Once upon a time in my early 40's (I think) I started walking, mostly to work off anxiety and upset about a relationship I was in at the time. And I walked as long as I needed to and as fast. No worries at all. I don't remember any pain other than ordinary tired muscles. 

But now, WTH??

Not going to stop. I enjoy the music, I enjoy fending off future health problems, walking is my form of exercise. Not going to let my stupid knees ruin it for me. So I've found some exercises to help strengthen my knees that I am doing. I have shortened the distance temporarily, and am very careful about how I walk. Got new shoes.
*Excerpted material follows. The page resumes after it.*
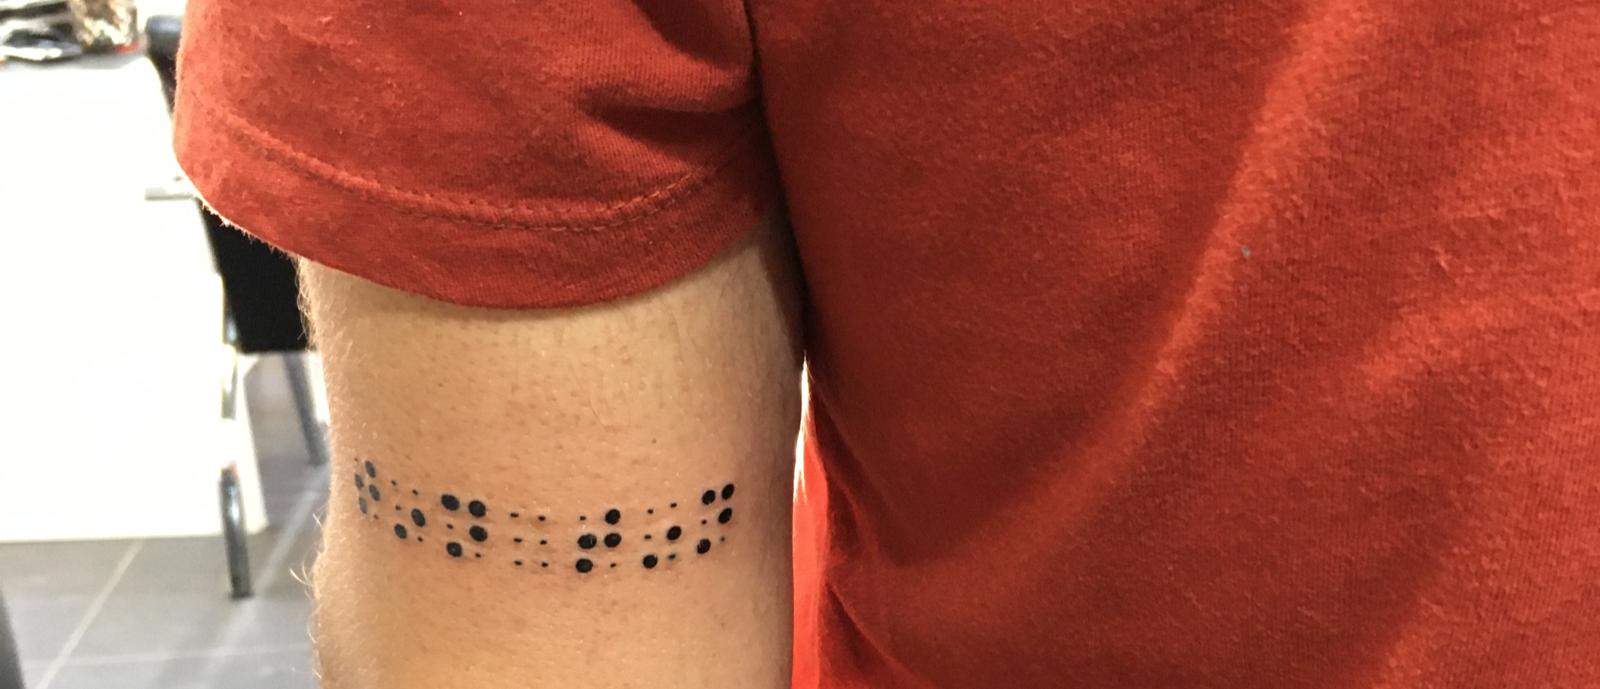 Yakın plan çekimde Kol üzerindeki Braille ile dövme olarak yazılmış tın tın yazısı görülmekte.

But I'm just plain pissed off that now I have to accommodate my body instead of it just doing what I want it to. 

Who designed this thing, anyway? I am dissatisfied.

Wednesday, July 14, 2021

Is this thing on? Nope. And I’m okay with that.

I realized I haven't posted here in years. Actual years. I am kind of amazed. 

I've been a grandma now for almost 4 years, lived through a pandemic, worked from home for over a year, and developed a late-in-life interest in Steve Perry and his music. "The Voice." Yes I know he hasn't been a member of Journey in a very long time, and hasn't put out new music since - technically - 2020. But I am late to this party and totally into it. Don't judge. Try it, you may like it.

And I haven't written about any of it!

Amazingly, my life hasn't changed a whole bunch. work, cats, more work, and oh - I feed a crap-ton of birds on my deck now. 

Here you go, picture of the best vocalist on the planet. Enjoy. 

(Okay, since I know no one else will see it, the picture is totally for me. Not gonna lie.)